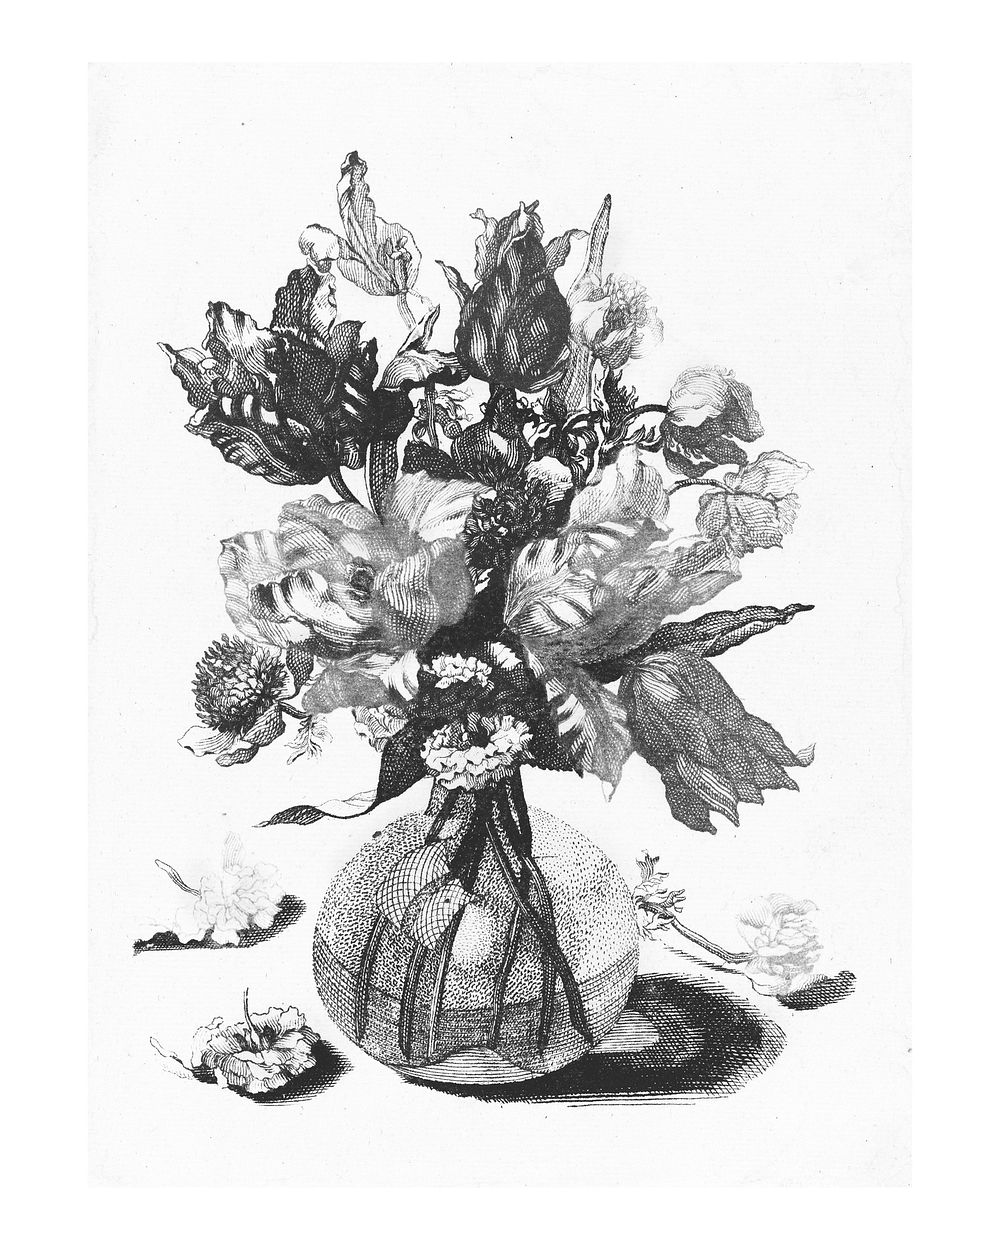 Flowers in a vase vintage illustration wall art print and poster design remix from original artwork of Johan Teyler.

==

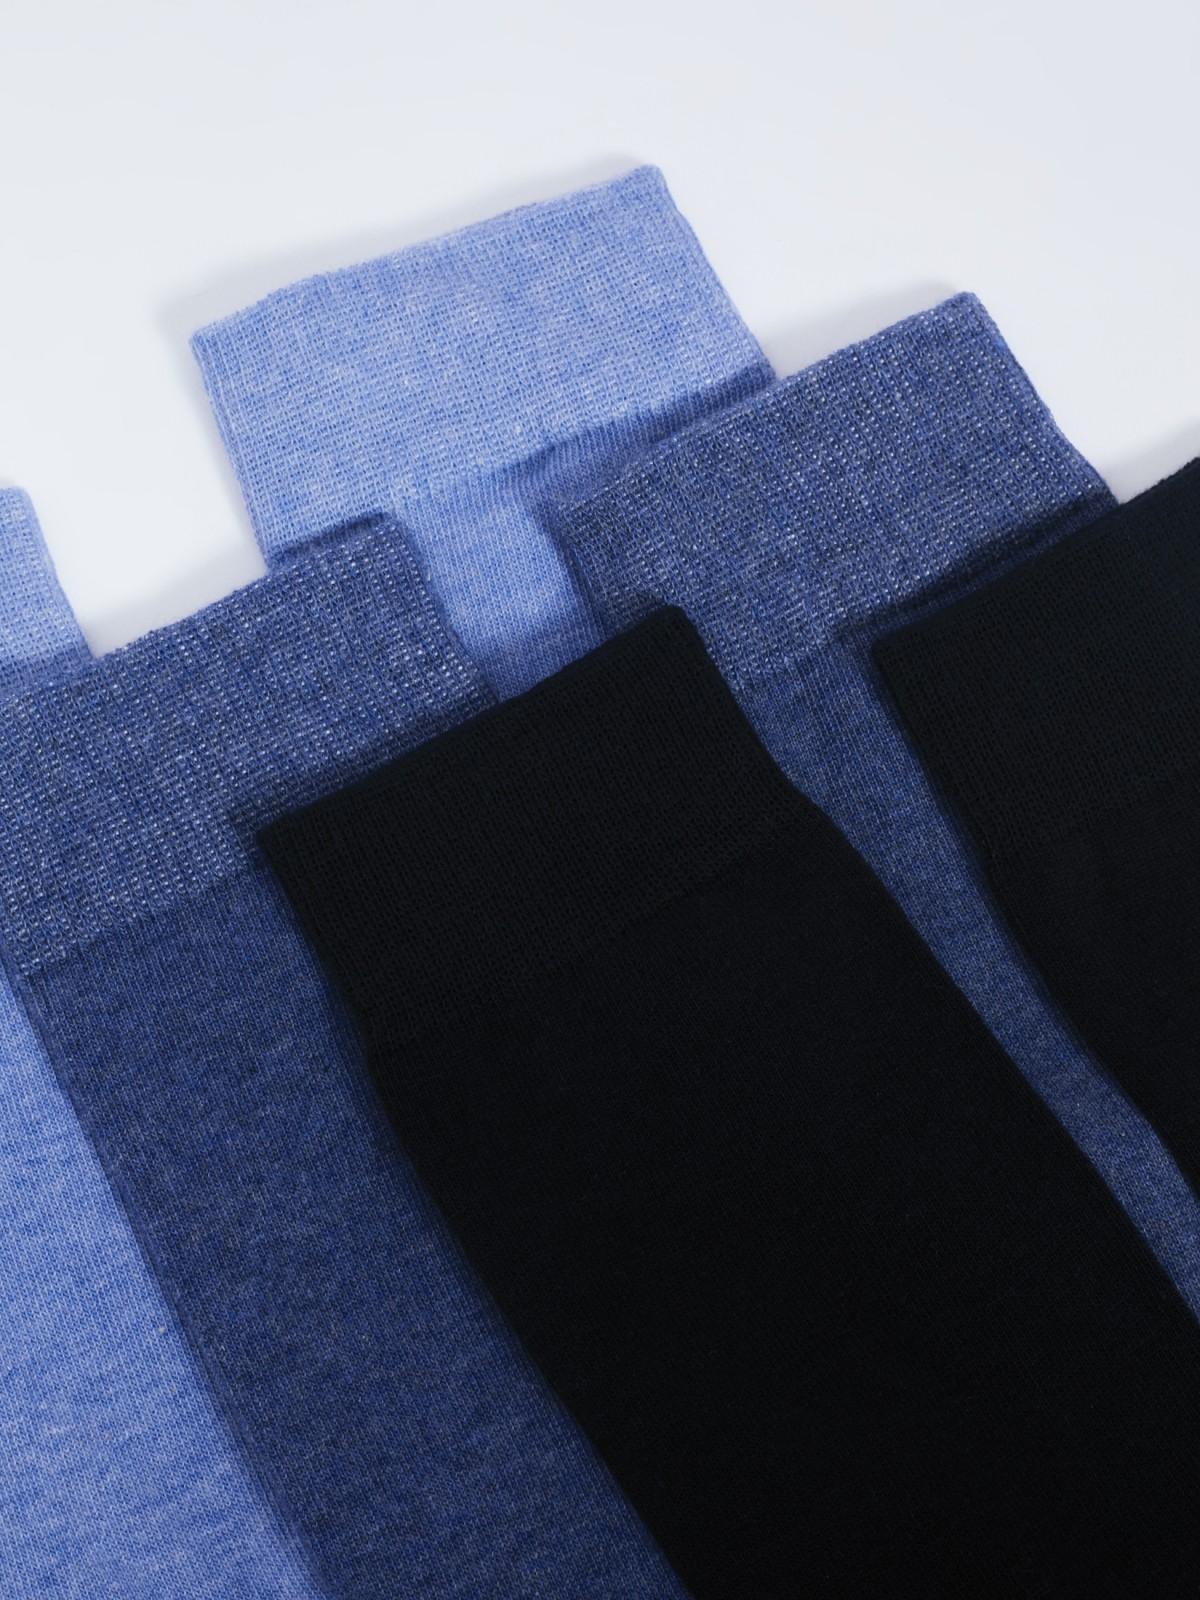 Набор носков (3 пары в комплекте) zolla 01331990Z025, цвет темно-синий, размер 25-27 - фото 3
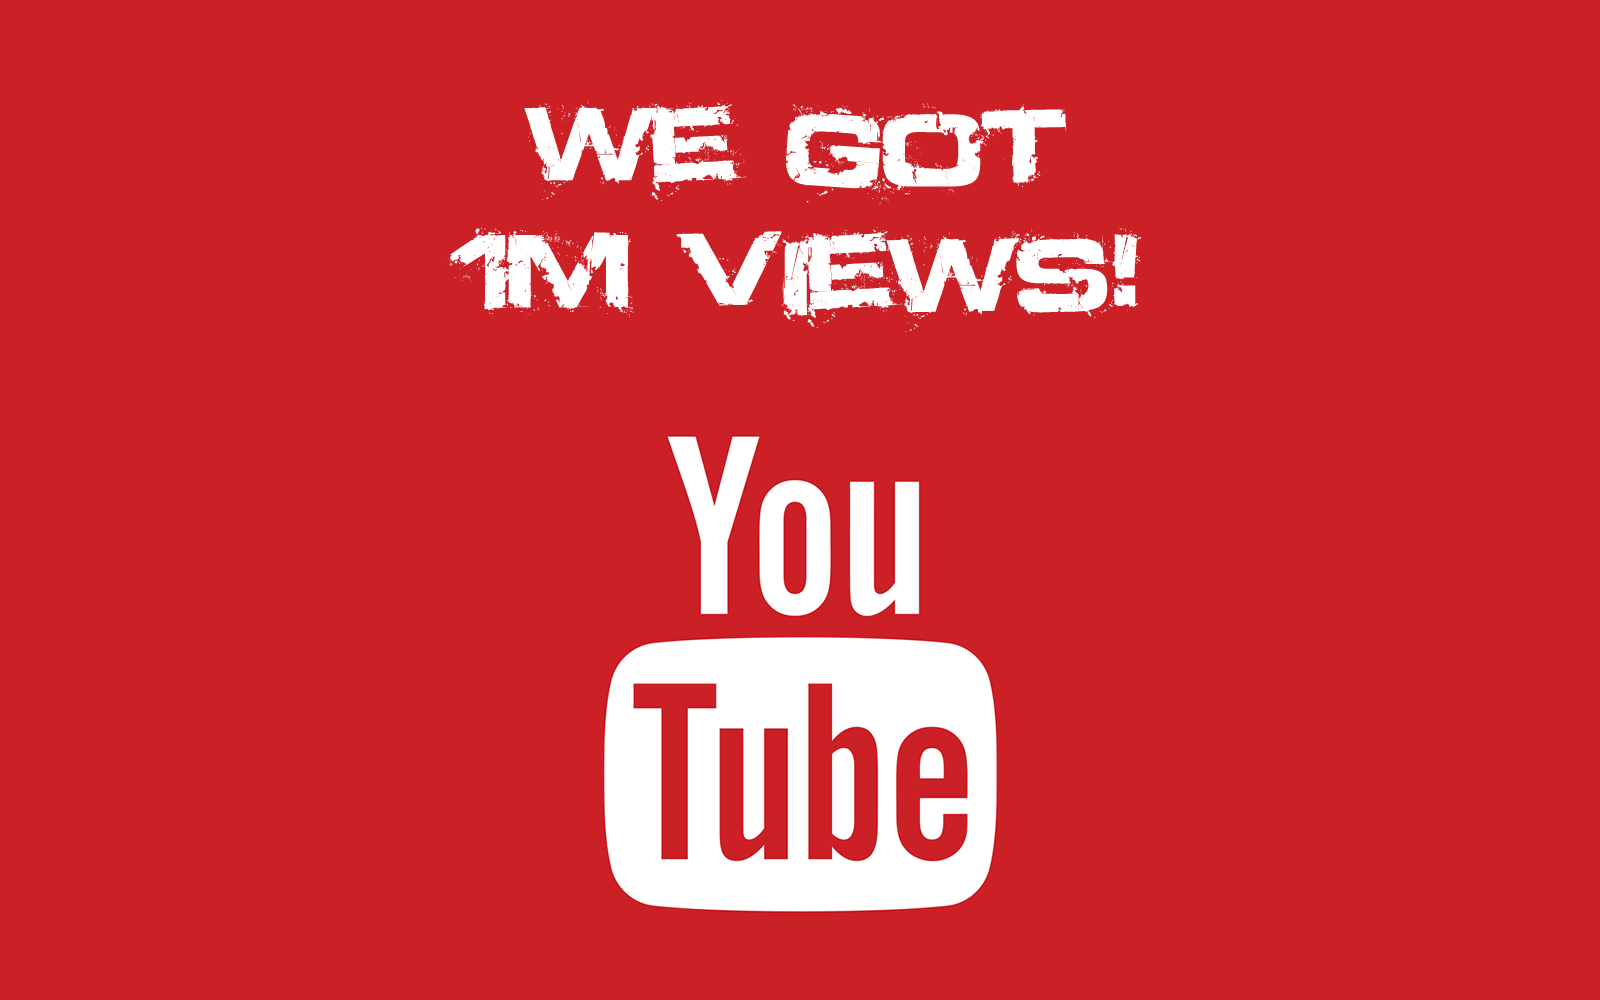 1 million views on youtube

==

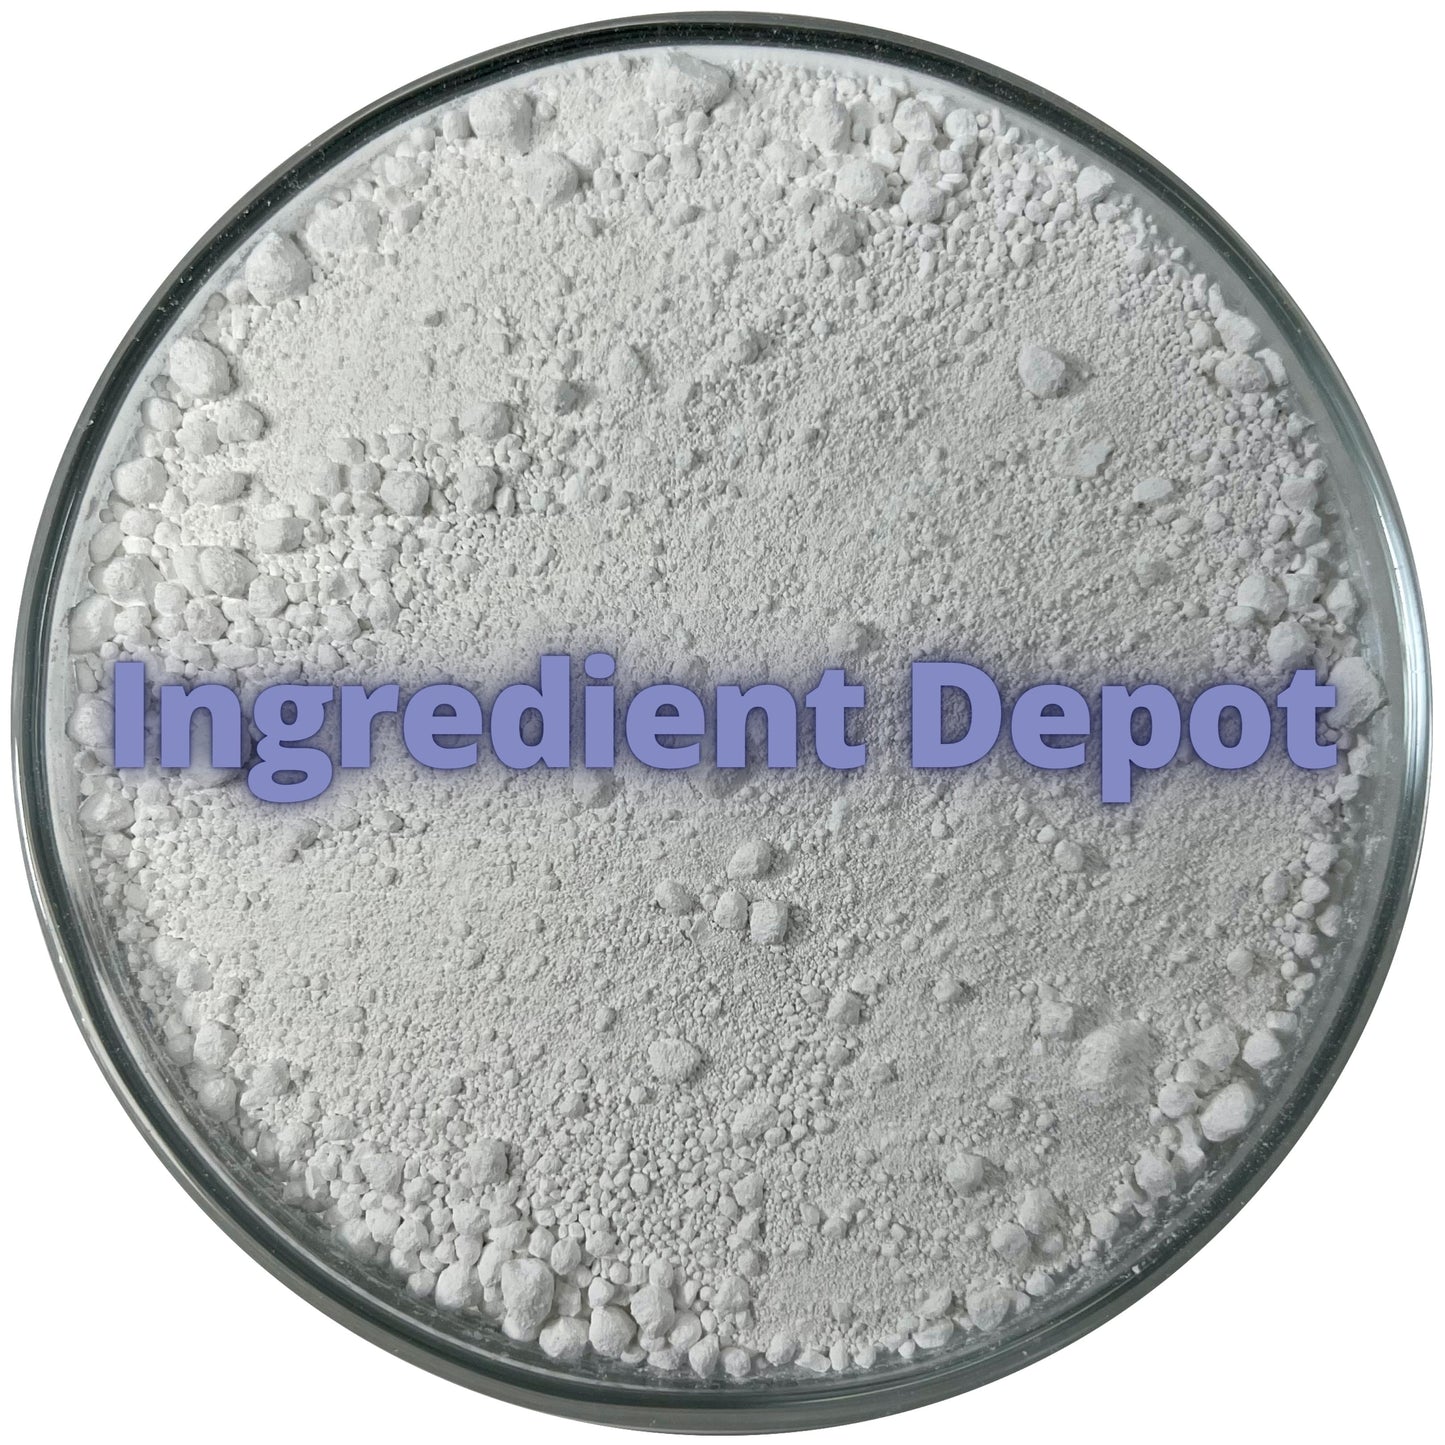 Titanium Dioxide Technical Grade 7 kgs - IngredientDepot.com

> [Work order]:
In the listing above, find the line with "Набор носков (3" and output every line through the one with "1 million views on youtube", exactly, without the pictures.

> [Written response]:
 Набор носков (3 пары в комплекте) zolla 01331990Z025, цвет темно-синий, размер 25-27 - фото 3
 1 million views on youtube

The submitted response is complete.